Hallo. Habe ein Plakat mit PS gemacht und von RGB in CMYK umgerechnet. Da ich aber kein Spezialist in Sachen Druck bin, folgende Frage: Die Schrift im Plakat ist schwarzt, bzw. grau-schatiert. Eine Grafik ist weiß, bzw. 20% weiß und der Hintergrund ist rosa. Da man nicht weiß drucken kann, möchte ich das rosa nicht aus CMYK-Farben mischen lassen, sondern eine Schmuckfarbe verwenden, da so nur zwei Filme zum Druck benötigt werden (rosa und schwarz). Wie bringt man das PS bei, bzw. wie erkennt es die weiße Grafik als negativ und verwendet nur schwarz bei den Kanälen, ohne dass es die Grafik verschluckt? Ist kompliziert, aber deswegen frage ich ja .


----------



## Onkel Jürgen (12. Dezember 2001)

*DCS 2.0 mit Vollfarbenkanal*

Also,

Du hast als Ausgangsbild Deine Datei in Graustufen = mit nur einem Kanal und zwar Schwarz.

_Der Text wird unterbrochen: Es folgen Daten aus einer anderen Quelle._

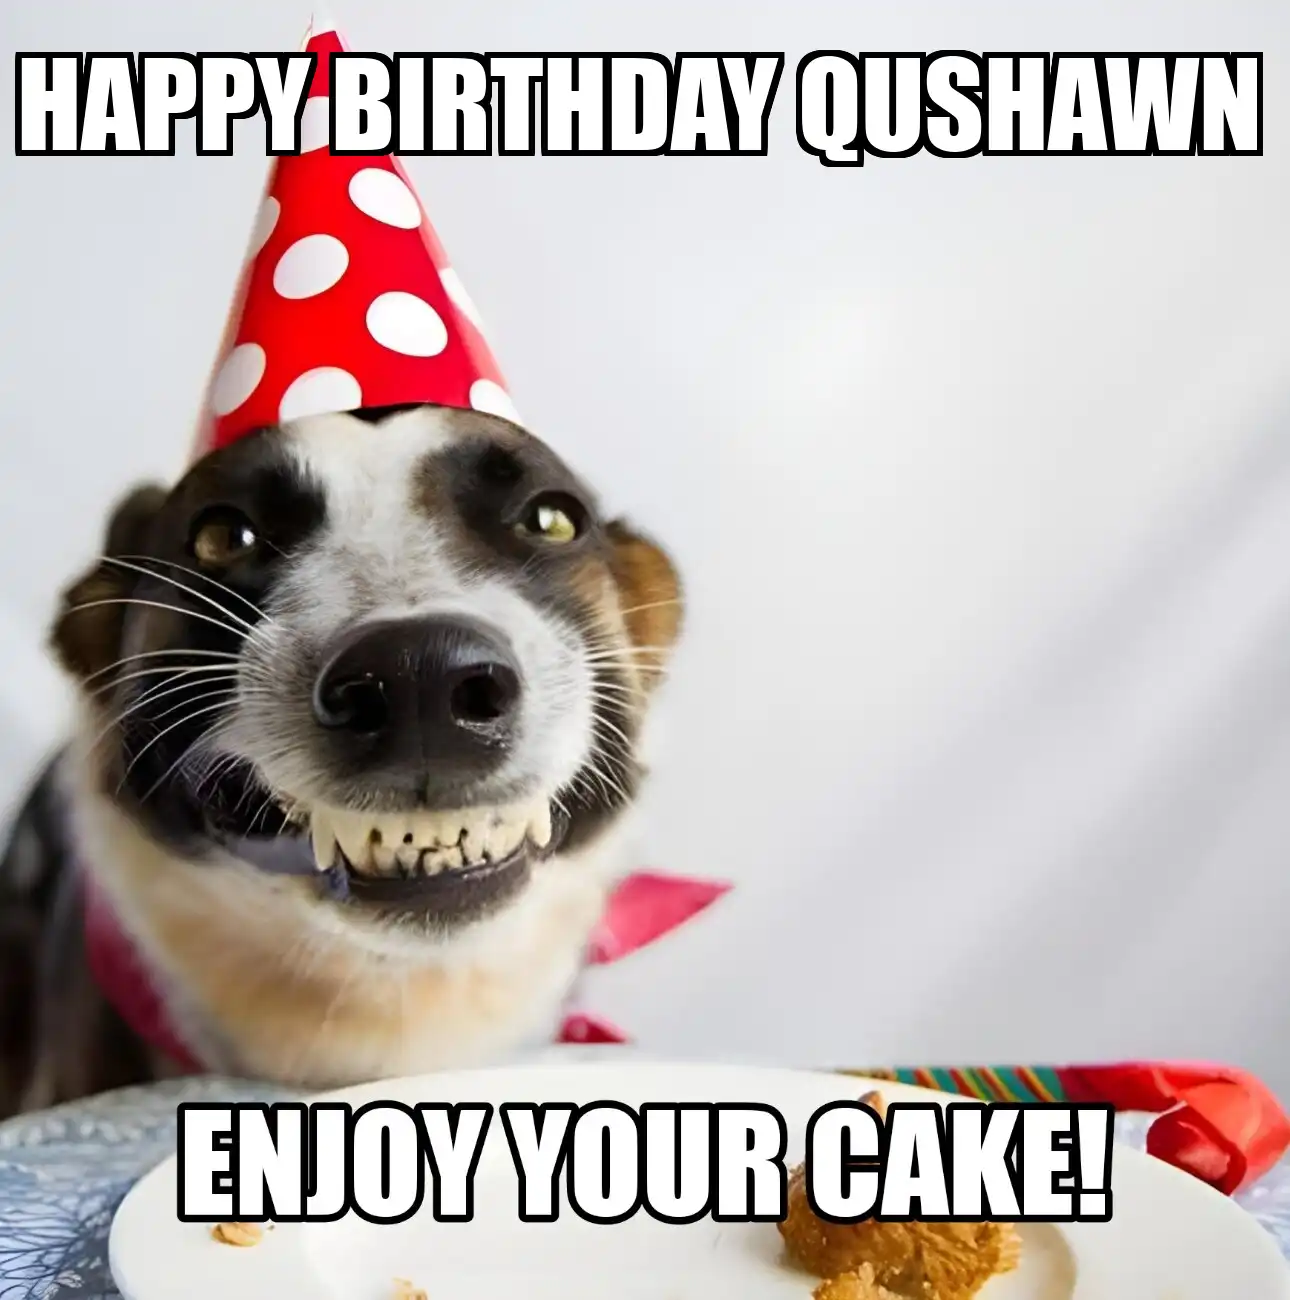 Happy Birthday Qushawn Enjoy Your Cake Dog Meme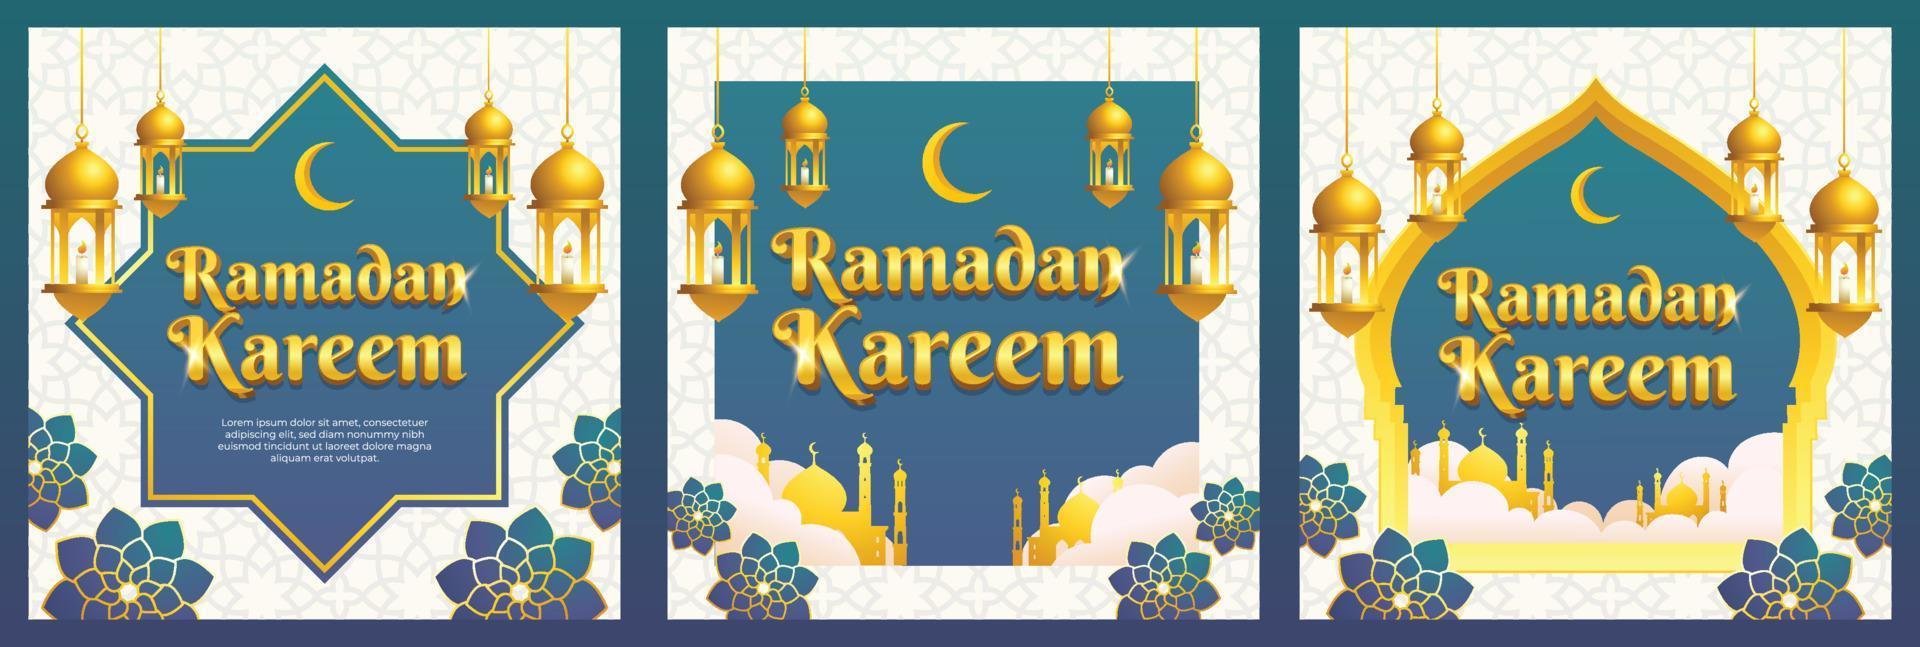 blå guld islamisk stil ramadan kareem gratulationskort, bakgrund och fyrkantig banner malluppsättning vektor

Nun wählst Du in der Kanäle-Palette

> neuer Vollfarbenkanal

und stellst Diesen auf Deine Wunschfarbe ein.
Der Kanal verhält sich, wie's sich für Farbkanäle gehört, d. h. Du kannst drin rumretuschieren und auch über die Zwischenablage Informationen aus anderen Kanälen einkopieren, wie Du lustig bist.

Das Dateiformat, als das Du das ganze speichern musst, heißt DCS 2.0 (oder höher). Neben Photoshop das einzige Format, was Extrawürste wie Sonderfarben zulässt. Eigentlich ginge das auch mit EPS-Dateien, aber dazu ist Photoshop zu doof und ein DCS ist dann halt 'ne Sonderform einer EPS-Datei.

Damit nicht genug, bereitet dieses besondere Dateiformat unter Umständen Probleme in der Druckerei. Meist lassen sich die Dateien nicht proofen, d. h. nicht zur Probe mal grad auffem Tintenstrahler oder Laserdrucker ausgeben und wenn Du Pech hast auch nicht auf Film oder Platte für den Druck belichten.

Daher mein Tipp:
Nimm für Dein "Rosa" doch einfach Magenta.  
Den Gelb- und Cyan-Kanal lässt Du einfach leer (weiß) und stellst Dein normales CMYK-Bild so ein wie Du lustig bist. Das ganze als Tiff-Datei gespeichtert und zum Druck geben. Dem Drucker ist das nachher Latte, ob der die Magenta-Form dann tatsächlich in Magenta druckt oder in Schweinchenrosa oder sonstwas. Sowas lässt sich problemos mit der Druckerei Deines Vertrauens absprechen.


----------



## Wolfsbein (12. Dezember 2001)

Ja danke. So ungefähr habe ich das auch mit dem Drucker geregelt.


----------